The fund of St. Clair Shores, a Detroit suburb of around 60,000 people and no synagogues, alleges that Unilever should have alerted its shareholders ahead of its subsidiary’s move, knowing that it could cause the company to lose value. The lawsuit seeks to become a class-action suit.

Ben & Jerry’s’ initial announcement caused multiple state pension funds and other sources to divest from the company, devaluing its investment potential. By some estimates, Unilever lost around 8% of its more than $4 billion value over six days following the Israel announcement.

It’s unclear whether the argument will hold weight in court. Unilever acquired Ben & Jerry’s in 2000 from the company’s Jewish owners Ben Cohen and Jerry Greenfield, under a unique ownership agreement that allows Ben & Jerry’s to maintain a separate, semi-autonomous board to make social justice-oriented decisions in line with its founders’ mission. The British conglomerate has long maintained that it has no formal control over the board’s decisions.

However, there are signs that Unilever had at least some advance notice of the Ben & Jerry’s board’s decision and took some degree of action without the board’s input. Board chair Anuradha Mittal told NBC News last year that Unilever had altered the board’s initial draft statement, adding a passage pledging to continuing selling ice cream within Israel’s 1967 borders — a pledge which the Ben & Jerry’s board had not approved. 

Unilever then released the amended statement itself. A separate statement from the Ben & Jerry’s board said the final wording “does not reflect the position of the independent board, nor was it approved by the independent board.”

Ben & Jerry’s has said its 2021 decision to stop selling in the West Bank, which came in the wake of Israel’s violent clash with Hamas in which Israeli forces killed hundreds of Palestinians and Hamas killed over a dozen Israelis, does not amount to a boycott.

Still, that hasn’t stopped outside figures from putting pressure on Unilever seeking to get it to somehow change Ben & Jerry’s policy. Last week New York Gov. Kathy Hochul issued Unilever a final warning saying the state plans to divest its own funds from the company over the Israel decision if it did not take more decisive action against its subsidiary.
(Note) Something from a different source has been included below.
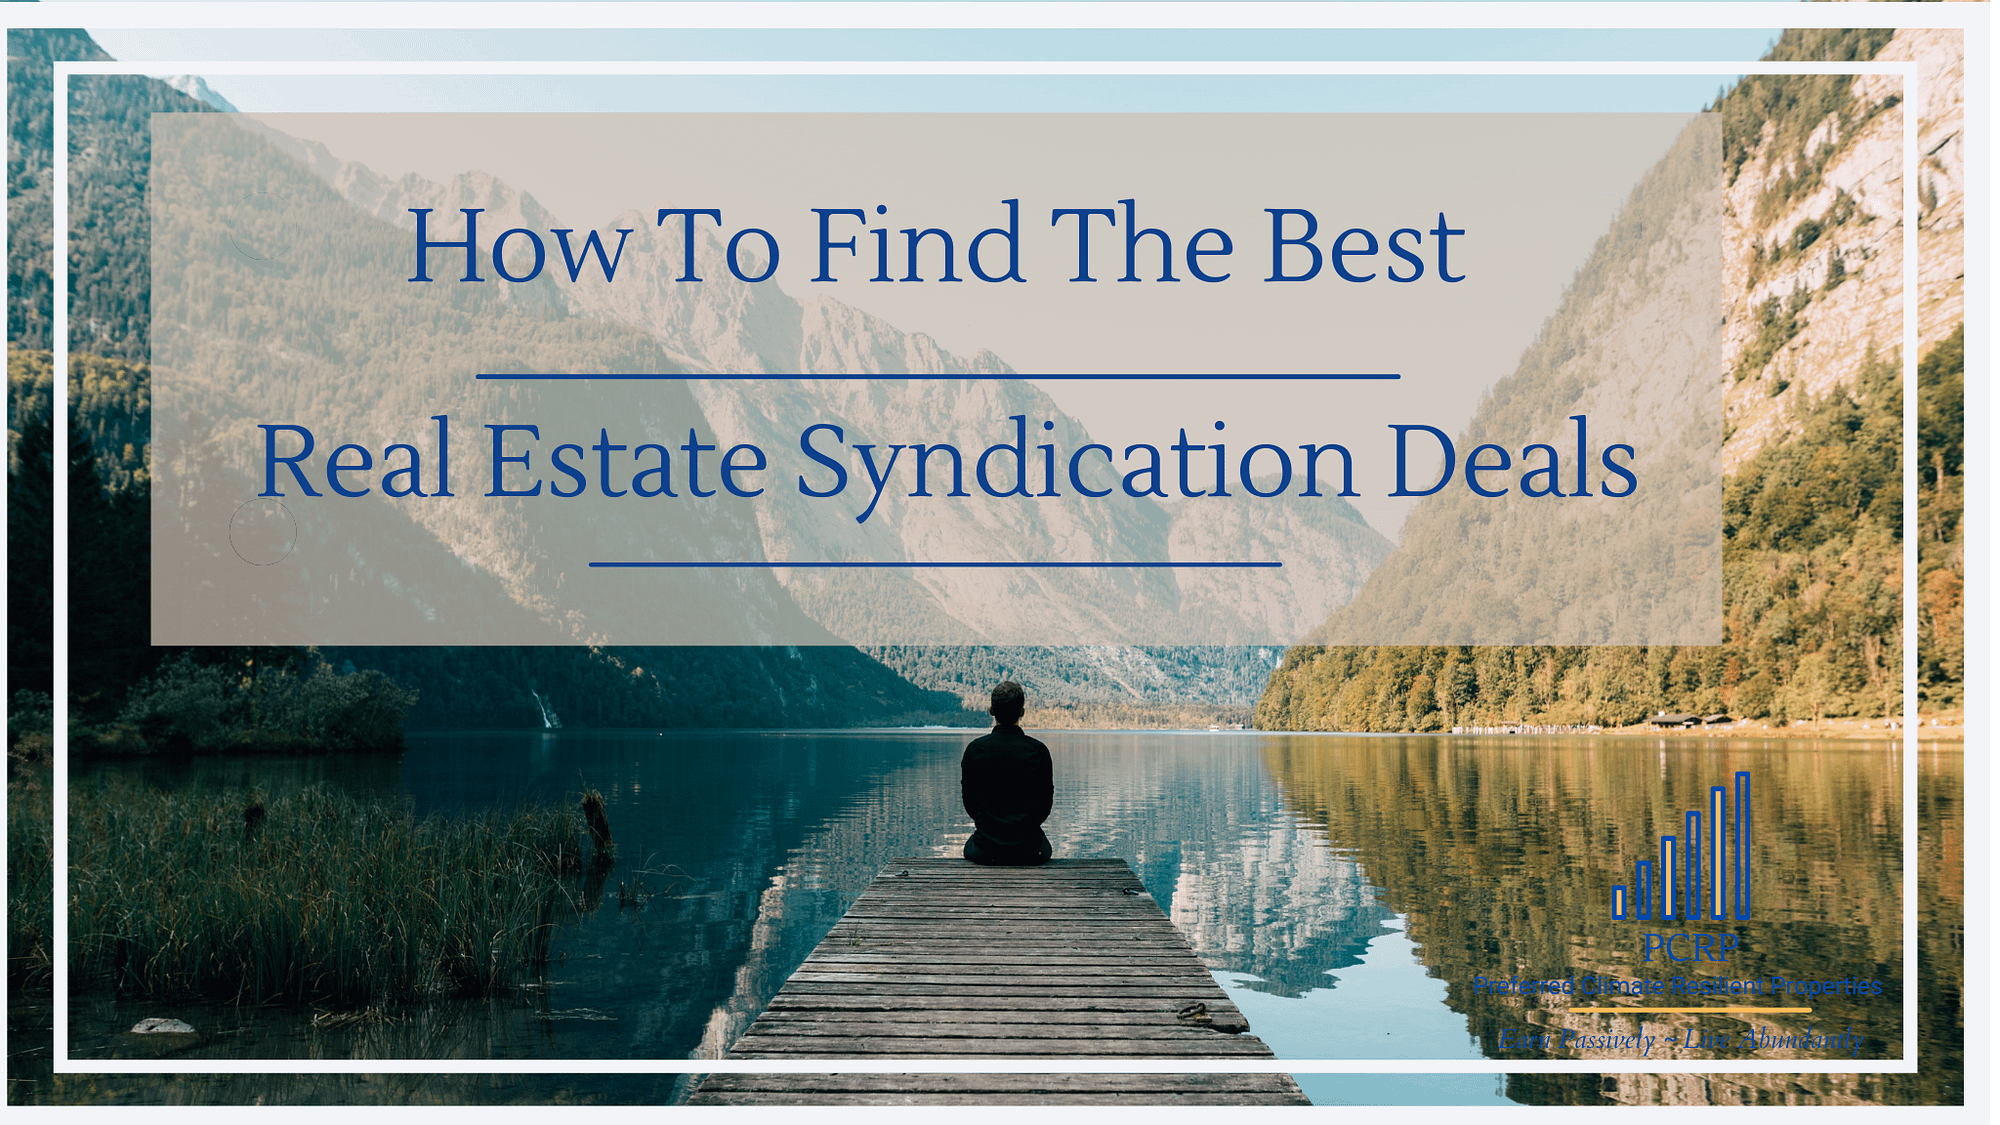 How to find real estate syndication deals

This followed the lead of Illinois, Arizona, and several other states that have divested pension funds and other investments from Unilever, often by invoking state laws limiting business with companies that support Israel boycotts.

Also this week, the news site Jewish Insider, citing a surreptitiously recorded cell-phone video, reported that Ben & Jerry’s requires all new employees to watch training videos about the Israeli-Palestinian conflict featuring the Human Rights Watch director Omar Shakir, who was deported from Israel in 2019 due to his alleged support of Israel boycott initiatives. 

The Forward subsequently disputed Jewish Insider’s story, reporting that, while the company did offer a lunch-and-learn video on the conflict featuring Shakir, viewing the video was optional and new employees are not required to watch anything about Israel. After the Forward’s report, Jewish Insider reporter Melissa Weiss tweeted that the organization stands by their reporting.

A separate lawsuit, brought earlier this year by the Ben & Jerry’s Israeli affiliate American Quality Products, Ltd. against Unilever, is alleging that the territories policy violates U.S. laws that restrict business with any company that boycotts Israel. The parties of that suit went into arbitration last week, according to Reuters.